Et qu’est ce qu’on fait en attendant un train en gare? Eh bien on parle vélo et voyage avec un grand type qui vient me brancher et me demander des conseils. Que je prodigue bien sûr avec le plus grand plaisir qu’on a à partager son expérience, sa passion, mais aussi, je ne me le cache pas, je suis flatté qu’on me demande des conseils. Le type vient d’acheter un Kona cadre acier, et va se lancer bientôt. Tout y passe, les lumières, les sacoches, les pédales automatiques, le petit porte bagage maison, le compteur gps, les itinéraires avec Komoot. Je lui donne l’adresse de mon site, il a l’air content. Je souris. Il ne sais pas que je vais parler de lui.

Le train est enfin annoncé et on se dit au revoir et bon voyage. Et bonne nuit. Oui, parce que je prends un train de nuit couchettes, avec espace vélo. Donc pas de valise, pas de démontage, je pose le vélo dans l’espace dédié, je l’attache, le libère de ses bagages et direction mon compartiment couchette. La place 92 n’existe pas! Le contrôleur me donne la 21, ça me va bien, je serai juste à côté de l’espace vélo.

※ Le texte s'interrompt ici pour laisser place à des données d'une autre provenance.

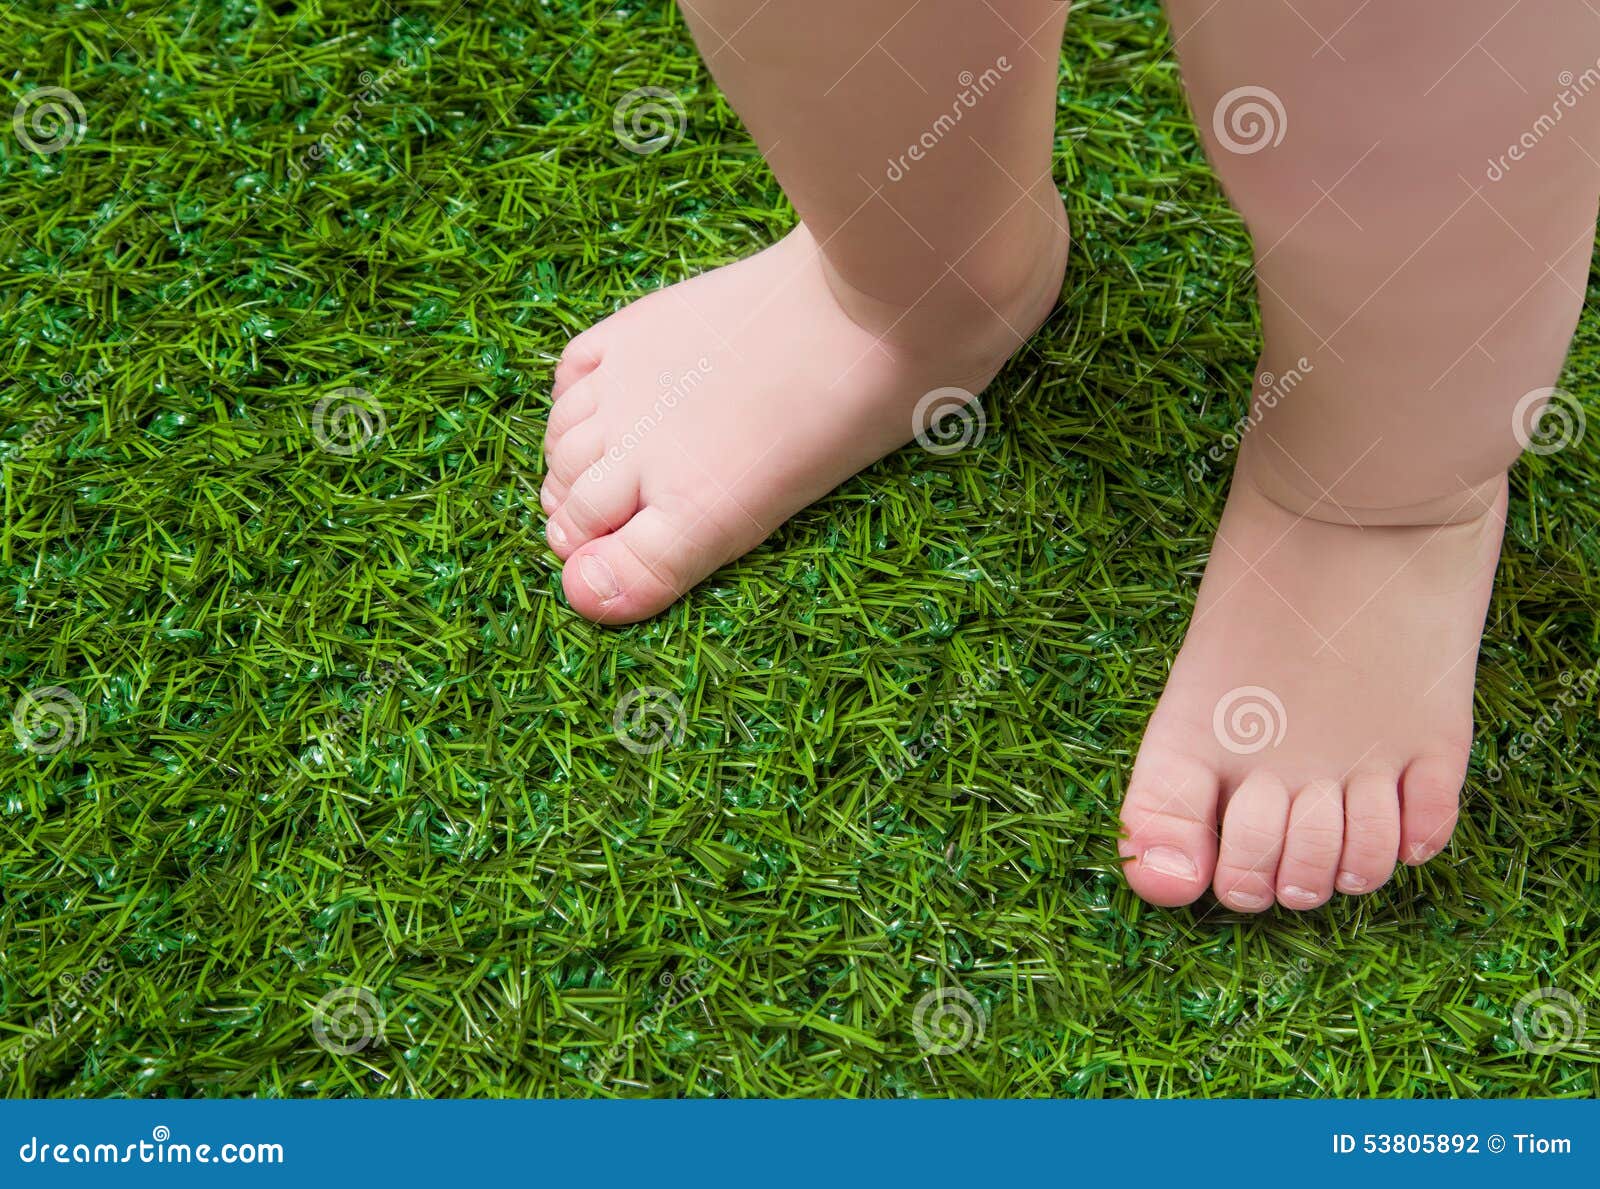 https://thumbs.dreamstime.com/z/baby-bare-legs-standing-green-grass-having-fun-outdoors-53805892.jpg

J’attendais ce moment depuis assez longtemps. J’adore les trains couchette. C’est encore plus un voyage, je trouve, qu’un train de jour. Et puis on ne perd pas trop de temps dans le transport. Mais c’est surtout ce sentiment fort de voyage que j’apprécie. J’ai beaucoup fréquenté les trains de nuit entre Brest et Paris. Certains avaient de drôles de parois tordues qui suivaient les courbes des corps, plus large au niveau des épaules et de hanches et moins au niveau des pieds. Et pas horizontales non plus, la tête et les pieds plus haut que les fesses. Un peu comme les couchette de Tintin dans « On ira marcher sur la lune ». Mais elles étaient disposées tête-bêche, ce qui devait permettre de gagner un peu d’espace et de créer un compartiment supplémentaire. Un délire d’ingénieur, fan d’Hergé.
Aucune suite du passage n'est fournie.